Ты ромовую бабу и причуду
Возьмешь мне в кафетерии пустом.
С листвою баржи по листве кочуют,
И суетятся лодки под мостом.
Встречая, мама нам махнет в окошке,
Расспросит: Как гуляли, были где?
За чаем алюминиевая ложка
Засветится в изломанной воде.
На бечеве мешочки с перламутром,
Слетит, просохнув, полиэтилен.
Мы до утра не будем спать, а утром
Билет поедем покупать тебе.
И тот состав, и гул, и долгий грохот,
Вокзального окна цветной овал,
Я только разговоры помню плохо —
Твой смех, твой голос, паузы, слова.
Мне правда, друг мой, нечего добавить.
Прозрачный день весенний, солнца дар.
Ничем о счастье не напомнит память,
Каким я так беспечно обладал.
Жизнь превращается в дожитие.
Дрожь рук – в воробышка, прыг-скок.
В многоэтажном общежитии
Вращаю свой калейдоскоп.
Вхожу в историю писателем,
В прозрачный потолок дымя.
На выжженном матрасе вмятину
От тела оставляю я.
Не видно горя с подоконника.
Цветные сумерки, и те
Ушли.

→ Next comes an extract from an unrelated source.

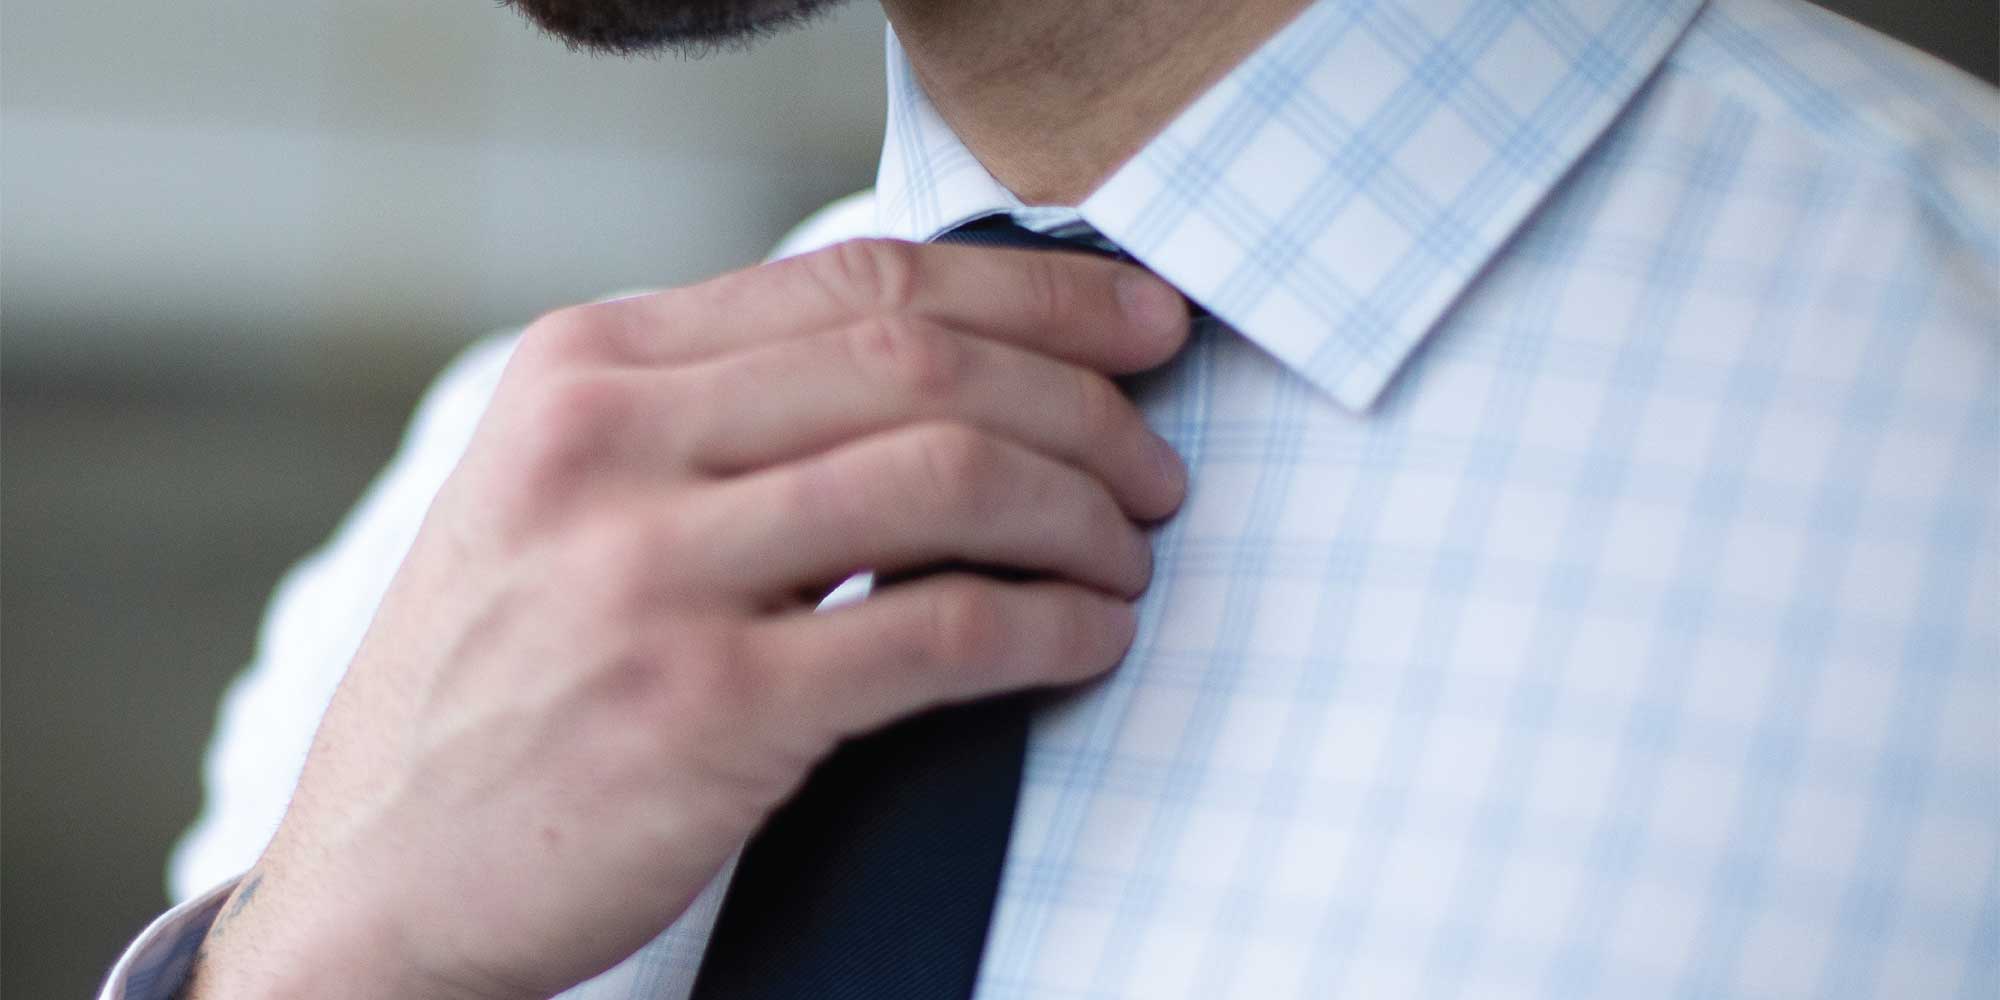 Close up on man holding tie on collared shirt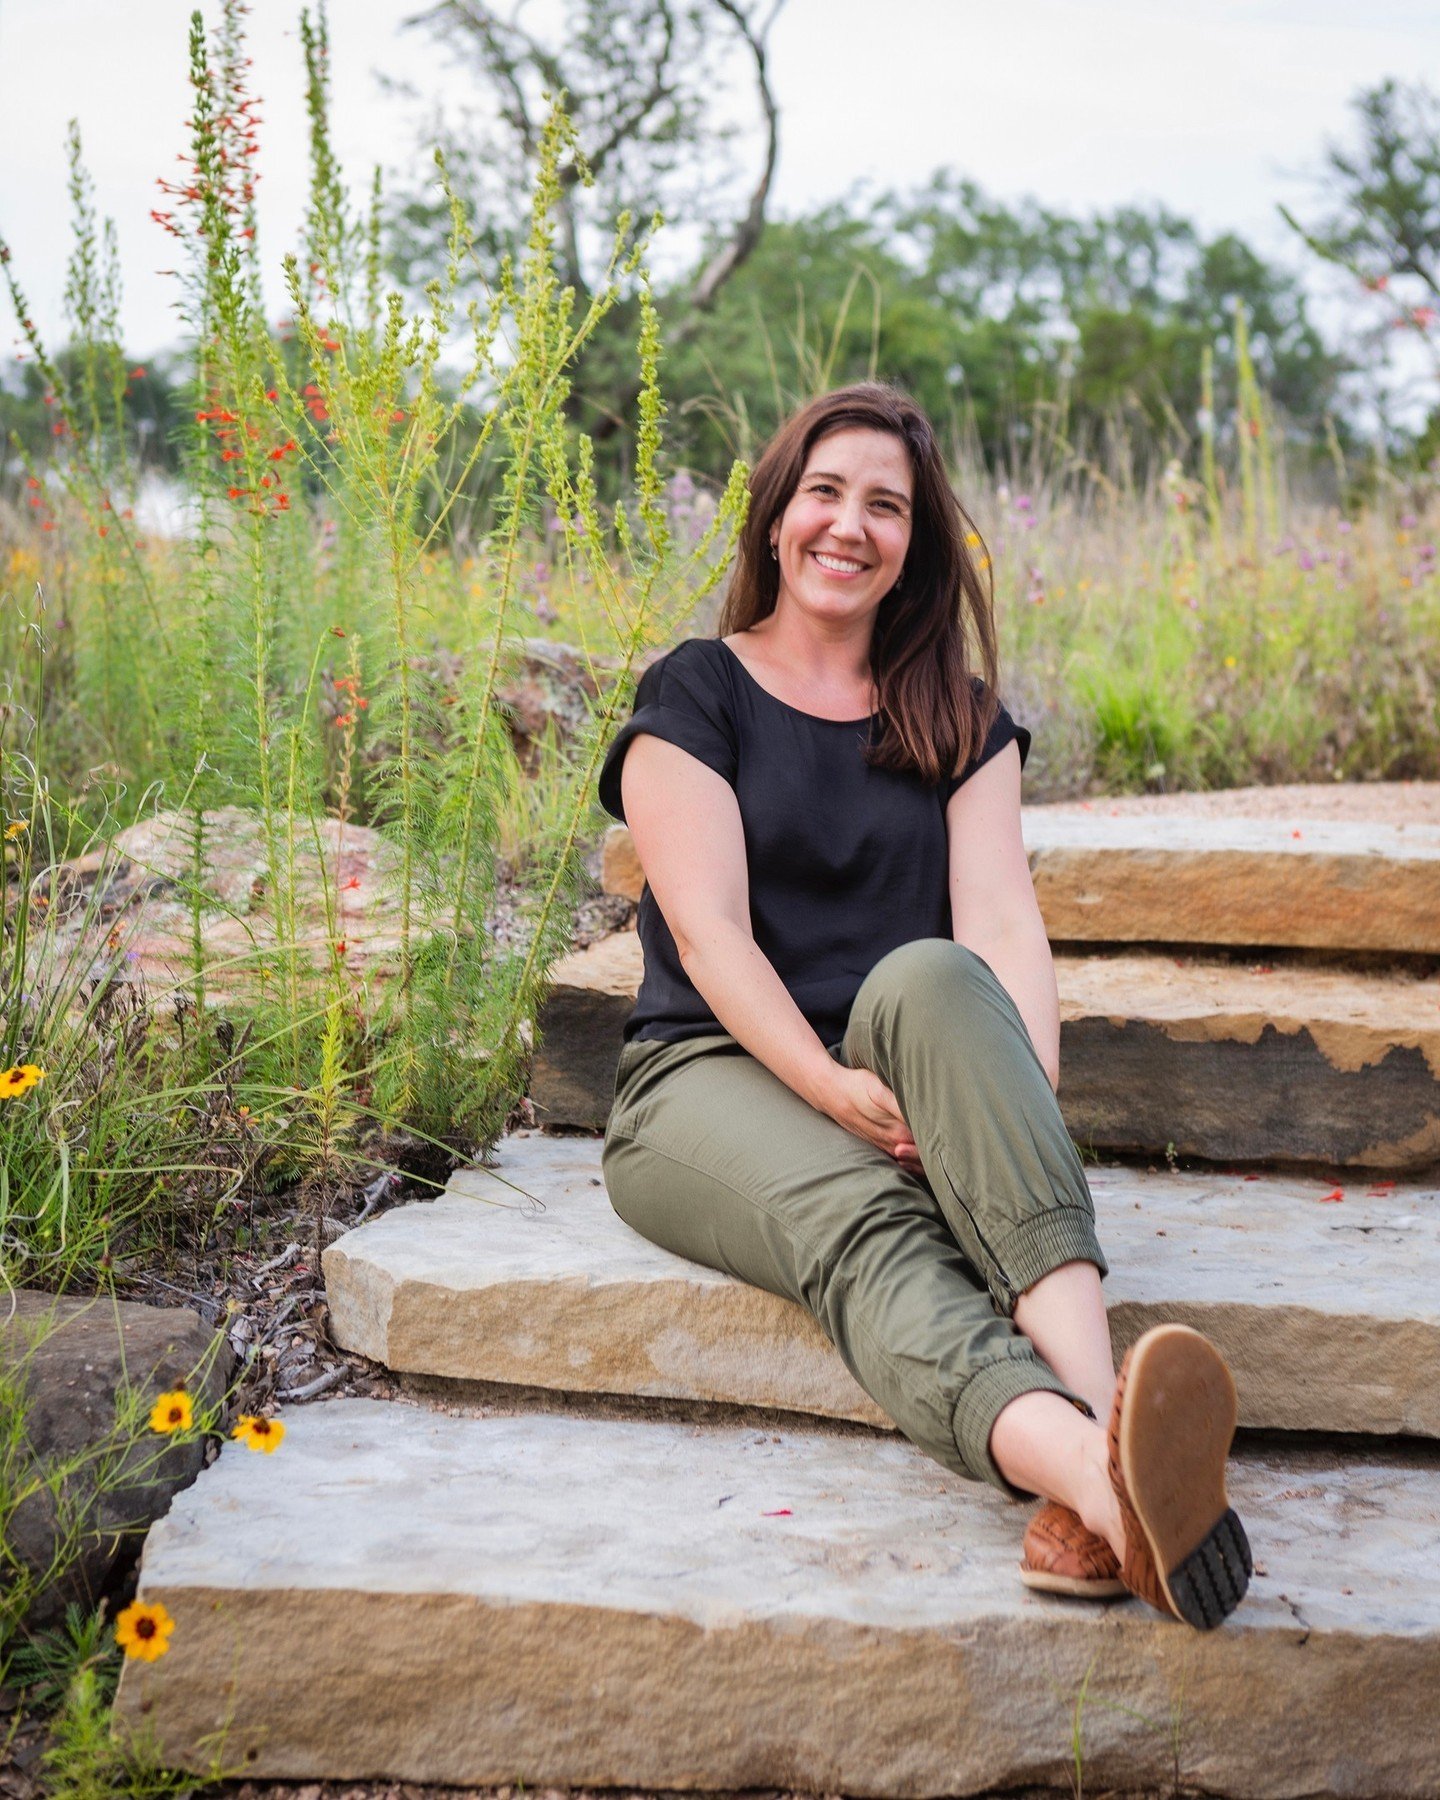 We want to take a moment to recognize a real cornerstone of the Twistleaf team, our Principal Landscape Architect Shannon Rogers. Originally from Dallas, Shannon brings a wealth of experience to her role. She holds a Bachelor of Landscape Architectur

Какая кинохроника
Моргает с треском в темноте?
Какая птица чистит перышки,
Выносит из квартиры сор,
Где кто-то складывает стеклышки
В персидский радужный узор.
Сначала ветра, шелеста травы,
Прибоя звуки, гулкий вой муллы,
Посвистыванье мальчика монгольского,
Потом исчезли мамин крик: Домой!,
Тик-так из сказки, монотонный бой
И треск чешуекрылых в складках воздуха.
А в процедурной слышен вздох любой,
Осипший горн давно сыграл отбой.
Тьма по углам, и пыль свалялась войлоком.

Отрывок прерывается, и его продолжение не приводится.